A hot water heating coil has a set-point of 35°C with a throttling range of 10°C. The heat output of the coil varies from 0 to 50 kW. Assuming that a proportional controller is used to maintain the air temperature set-point, determine the proportional gain for the controller and the relationship between the output air temperature and the heat rate provided by the coil. Assume steady-state operation.
Chapter 10
Q. 10.1
Step-by-Step
Verified Solution
Using Eq. (10.1), the relationship between the heat rate Q, and the error in the air temperature at the coil outlet can be put in the form of:
u =K_{p}e+u_{0} (10.1)
Q = K_{p} (T_{set-point} – T_{air}) + Q_{o}
(i) When the heat rate Q = Q_{min}= 0 kW, the coil outlet air temperature is T_{air} = T_{min} = 35°C – 5°C= 30°C.
(ii) When the heat rate Q = Q_{max}= 50 kW, the coil outlet air temperature is T_{air} = T_{max} = 35°C +5°C = 40°C.

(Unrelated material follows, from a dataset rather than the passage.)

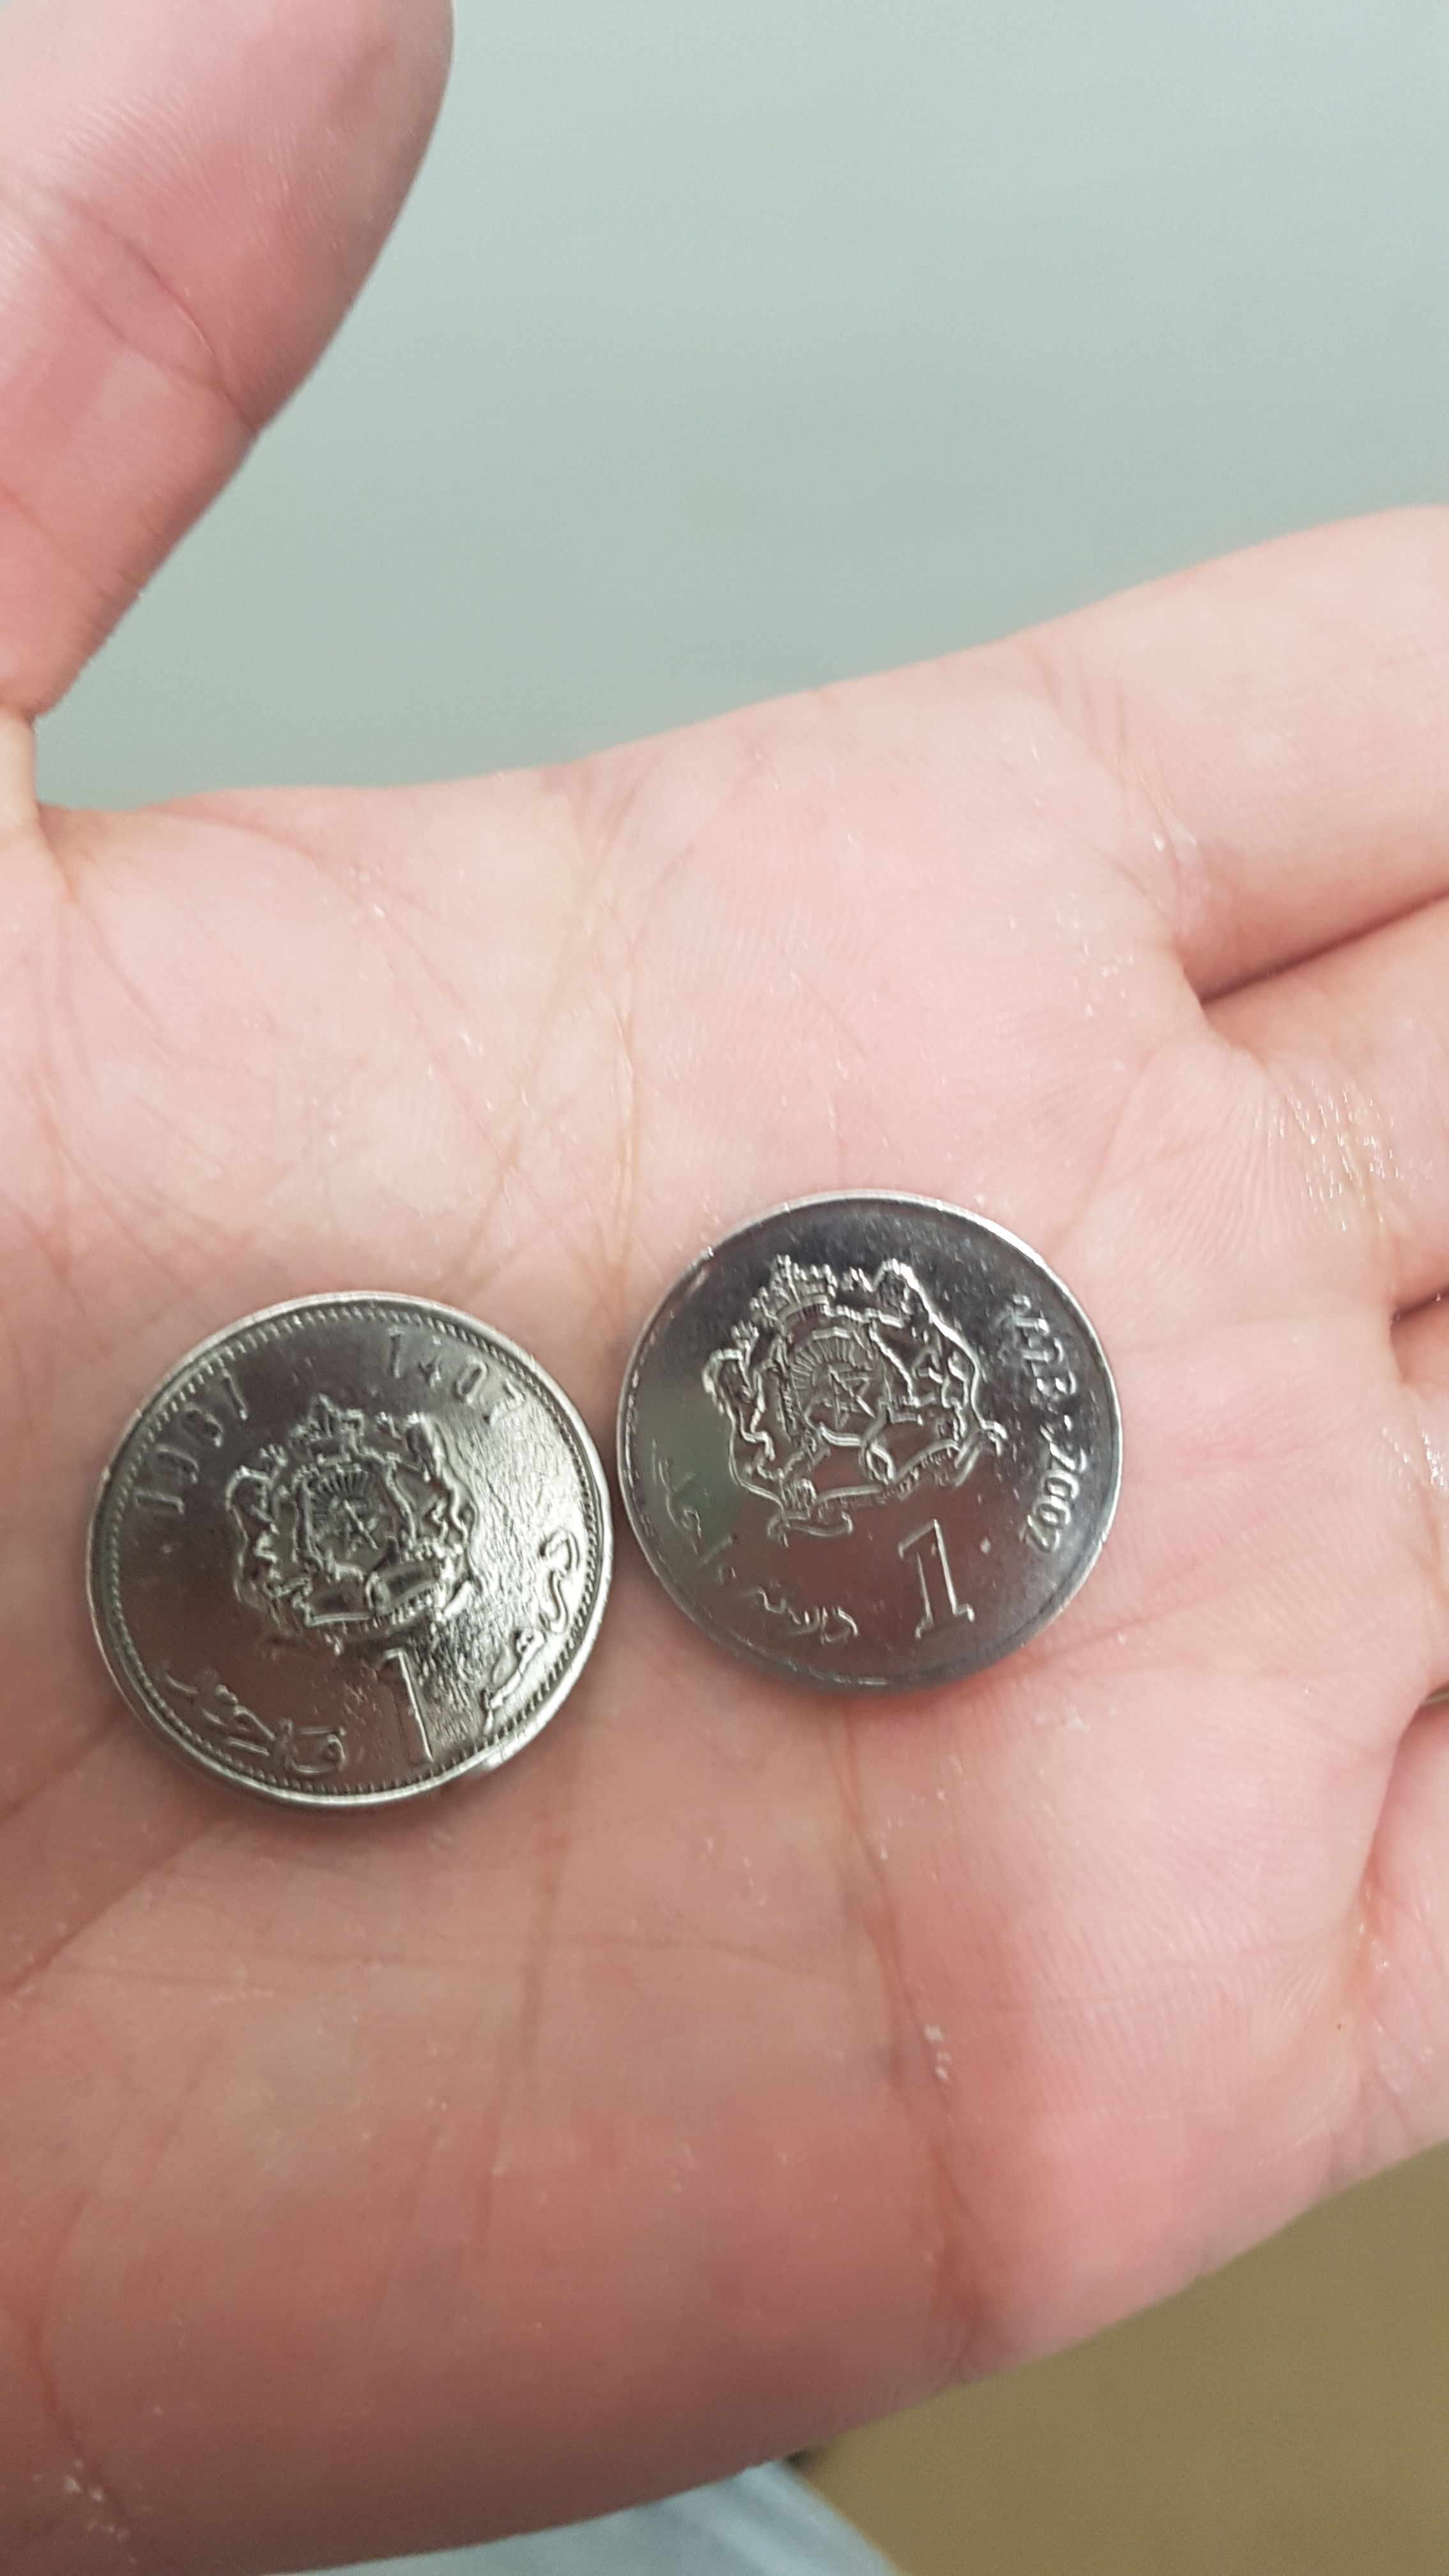 Refurbishing Old Coins

The proportional gain K_{p} can be determined as follows:
Q_{max} − Q_{min} = K_{p}(T_{min} − T_{max})
or
K_{p} = [Q_{max} − Q_{min}]/[T_{min} − T_{max}]= −50kW/10 °C = −5 kW/°C
Similarly, the constant Q_{o} can be determined from
Q_{min} = K_{p}(T_{setpoint} − T_{min}) + Q_{o}
or
Q_{o} = Q_{min} − K_{p}(T_{set-point} − T_{min}) = 0 + 5 kW/°C * (35°C − 30°C) = +25 kW
Therefore, the relationship between the heat rate output and the air temperature for the heating coil is:
Q = −5 (T_{set-point} − T_{air}) + 25
Thus, as long as the heat rate is different from Q_{o} = 25 kW, the quantity ( T_{set-point} − T_{air}) which is the error in the proportional control equation cannot be equal to zero.